BACKGROUND: The proliferation and differentiation of skeletal muscle cells are strictly regulated by multiple factors. Recently, more and more studies have indicated that microRNAs and myogenic regulatory factors as gene regulators play important roles in myogenesis.
OBJECTIVE: To explore the temporal expression patterns of muscle-specific microRNAs (miR-1, miR-133, and miR-206) in C2C12 cells during differentiation and the regulatory function of myogenic factors.

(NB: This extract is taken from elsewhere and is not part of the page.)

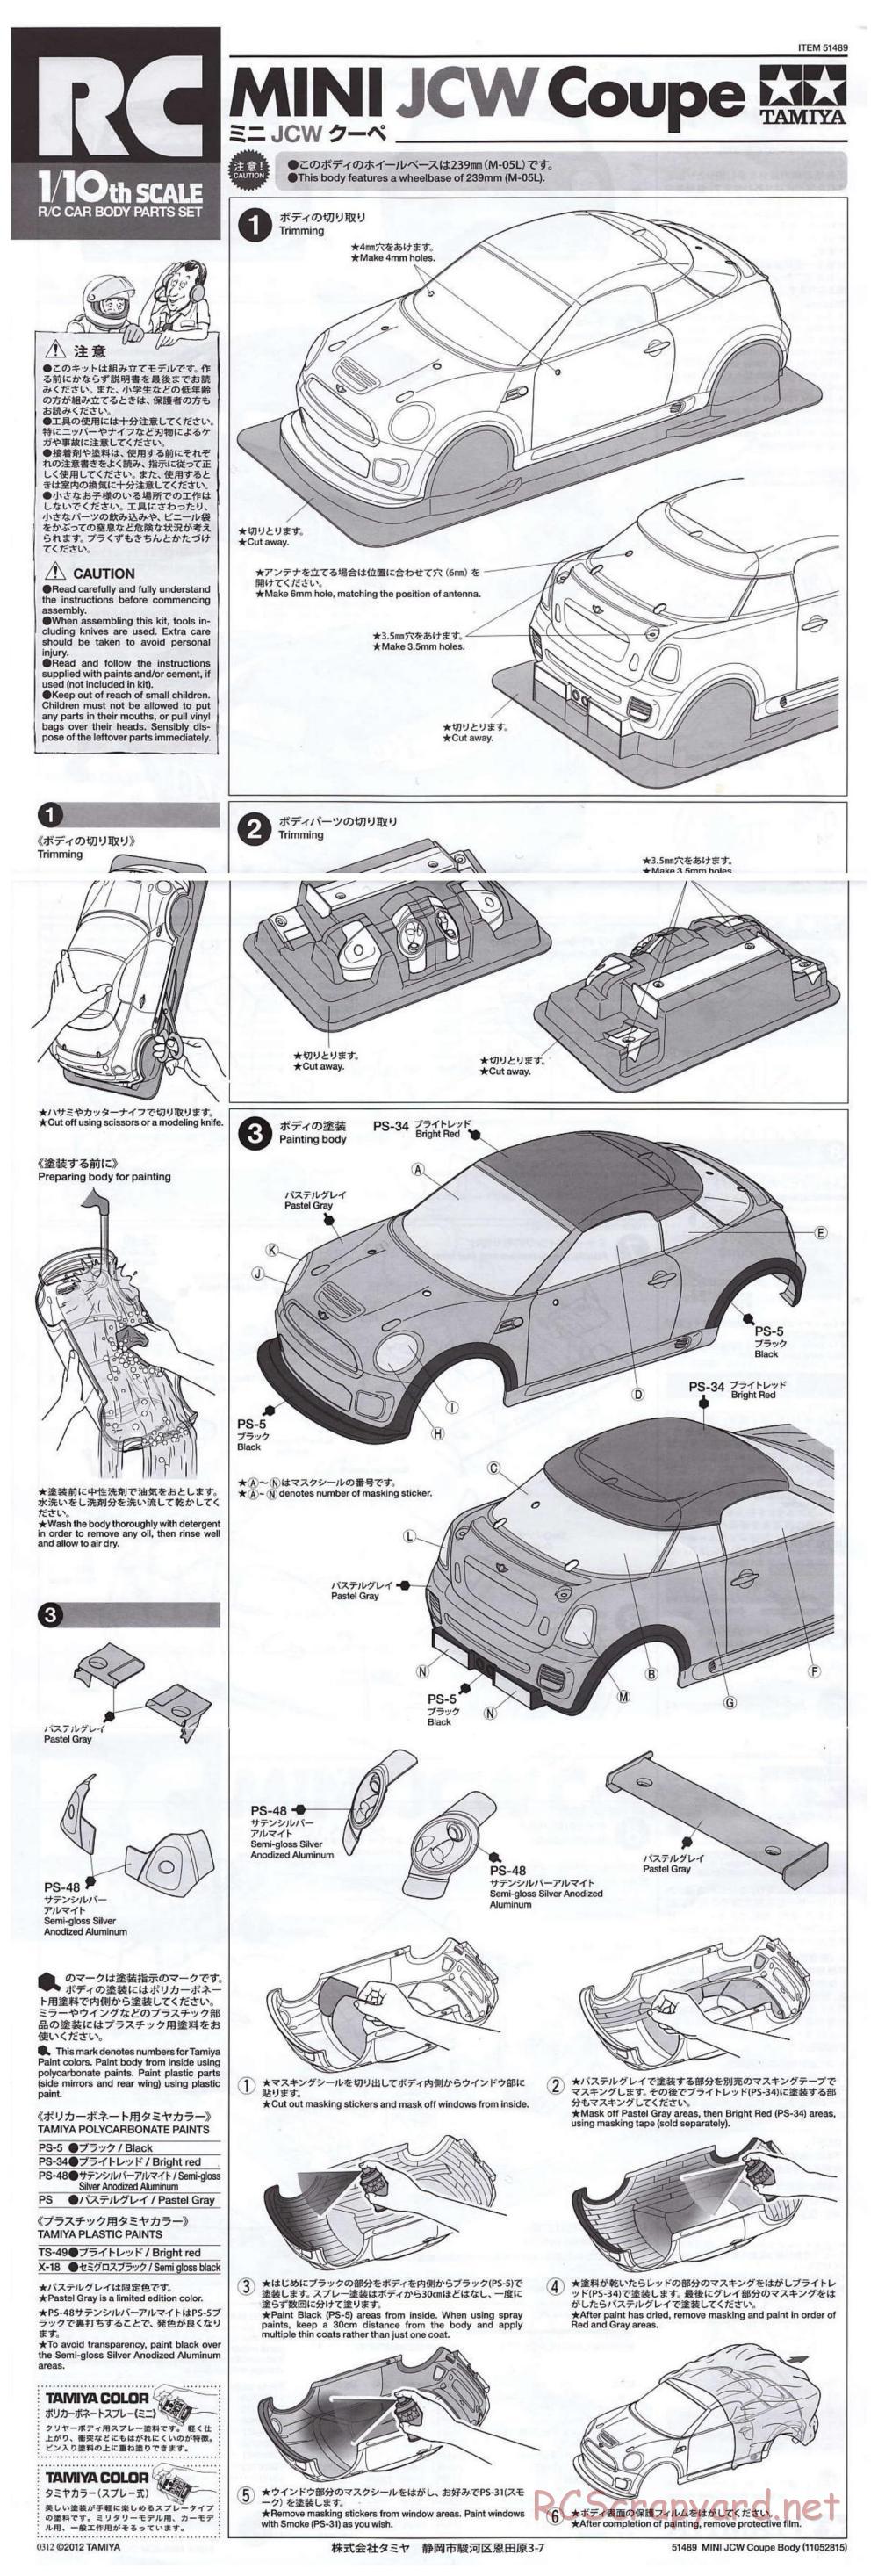 Tamiya - Mini JCW Coupe - M-05 Chassis - Body Manual - Page 1
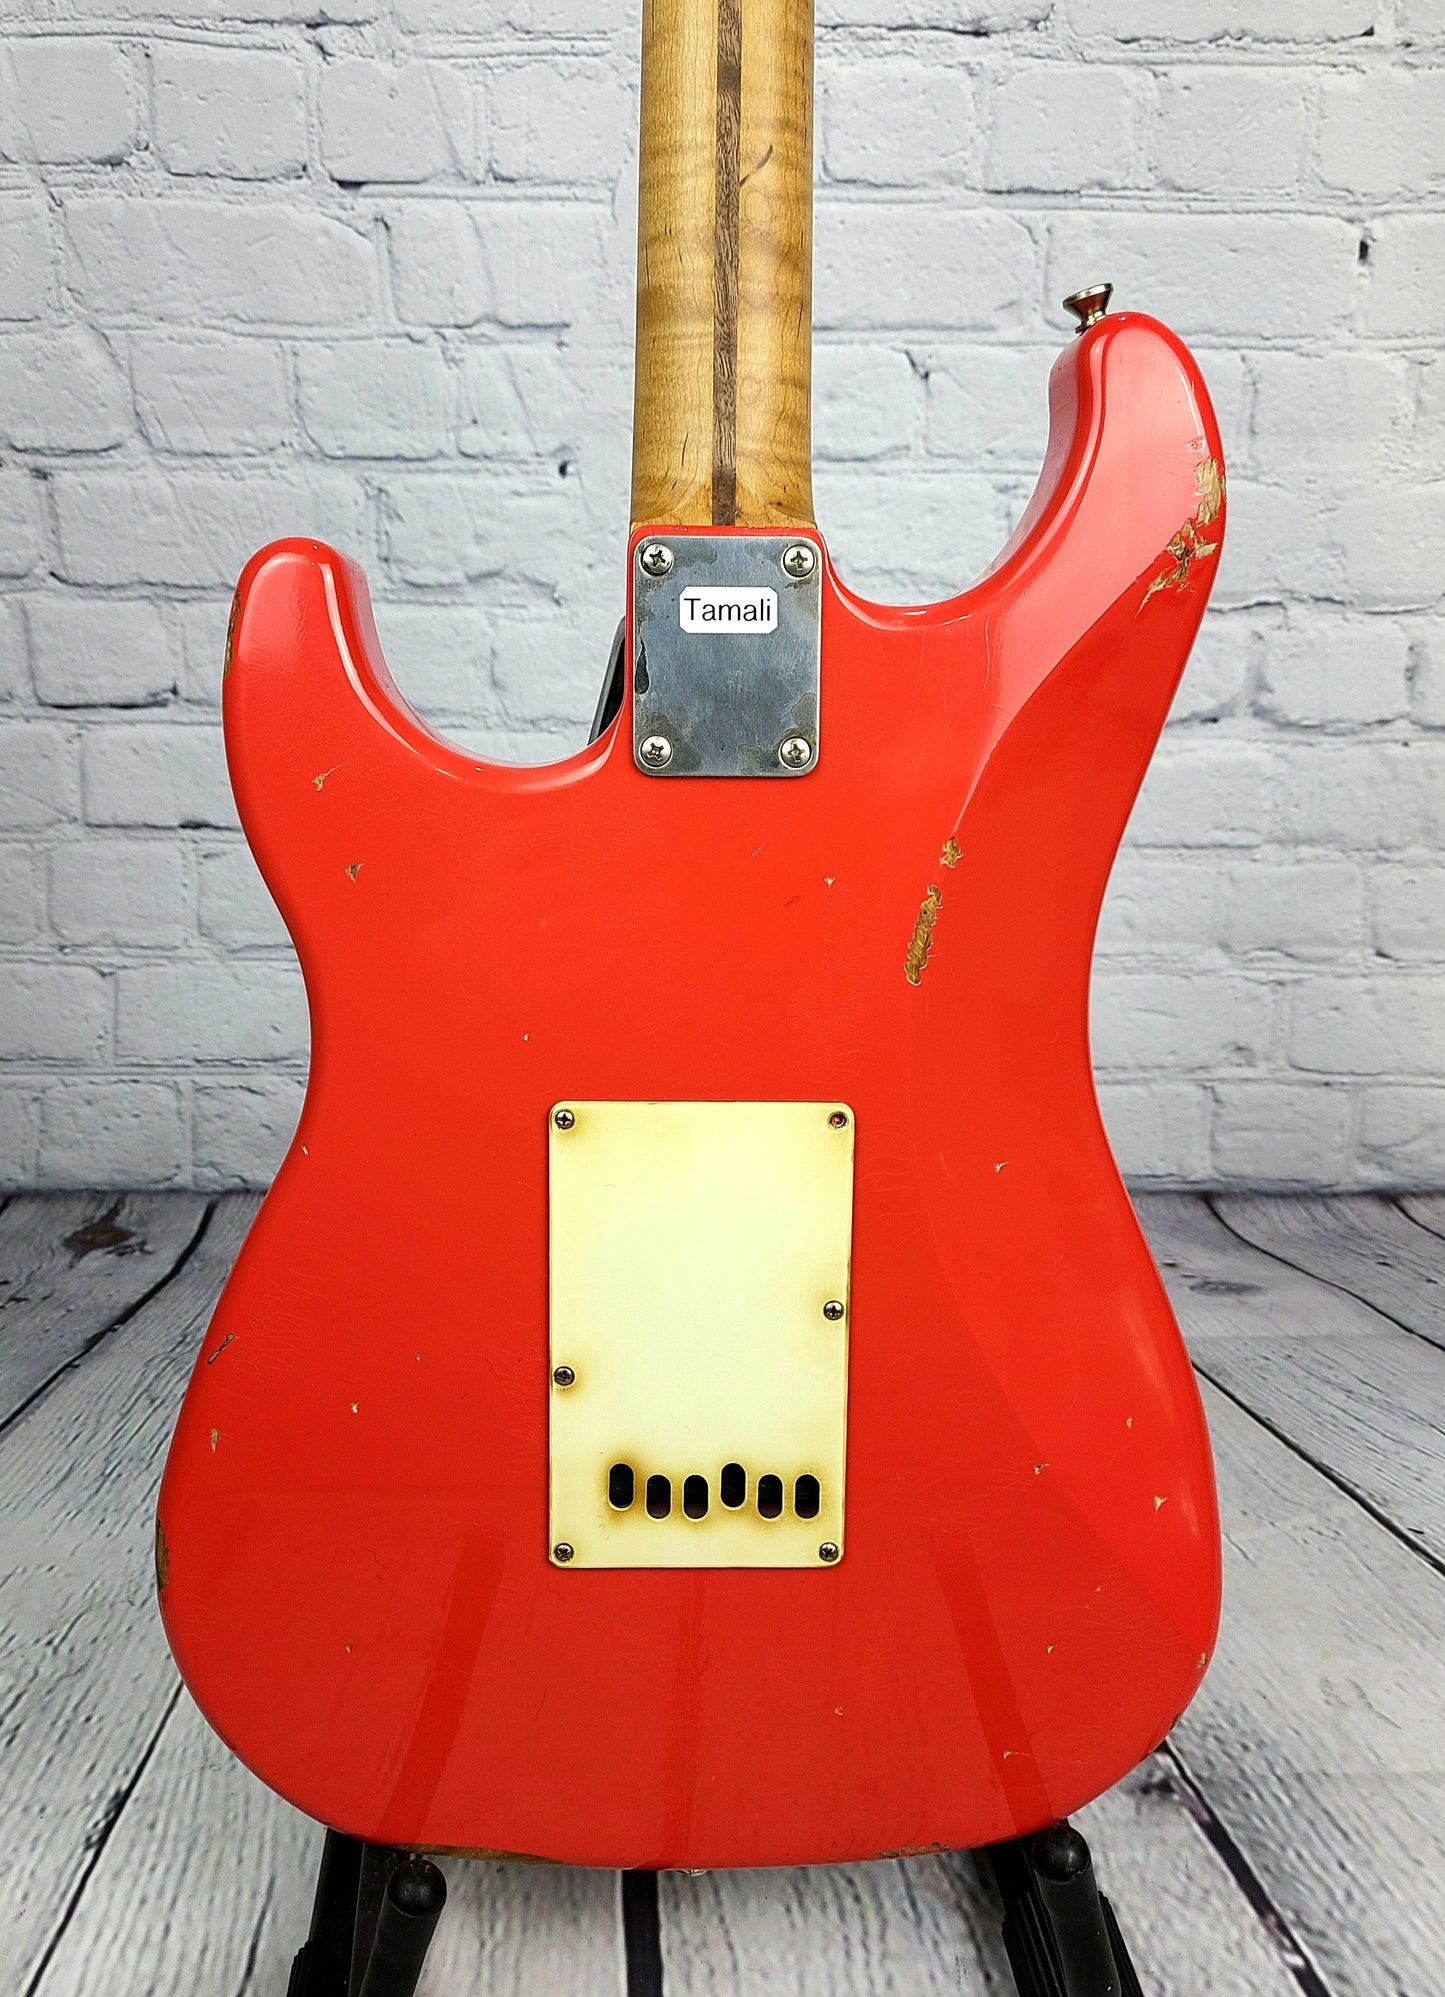 LsL Instruments Saticoy HSS NAMM 2021 Limited Roasted Run Fiesta Red "Tamali" - Guitar Brando

METHODS: C2C12 myogenic differentiation was induced in DMEM containing 2% horse serum. Inverted microscope was used to observe the alteration of their appearance, and immunofluorescence for myosin heavy chain was utilized to identify the differentiated C2C12 cells. At 0, 1, 2, 3, 4, 6 days after differentiation, the cellular totaI RNA of differentiated C2C12 cells was extracted. After reverse transcription, real-time polymerase chain reaction was used to determine the expression levels of three muscle-specific microRNAs as well as three myogenic regulatory factors (MyoD, myogenin and pax7) in differentiated C2C12 cells．
RESULTS AND CONCLUSION: After C2C12 cells were induced for 3 days, myotubes and MHC-positive cells began to form. Later on, more and more myotubes and MHC-positive cells appear and peaked at 6 days. The expression levels of miR-1, miR-133, miR-206, MyoD and myogenin were up regulated at first during C2C12 differentiation, and then recovered close to the levels of pre-differentiation. However, pax7 was not altered. The expression levels of muscle-specific microRNAs, MyoD and myogenin during C2C12 myogenic differentiation alter so strikingly that they might have effects on C2C12 differentiation; MyoD and myogenin might be involved in the induction of muscle-specific microRNAs.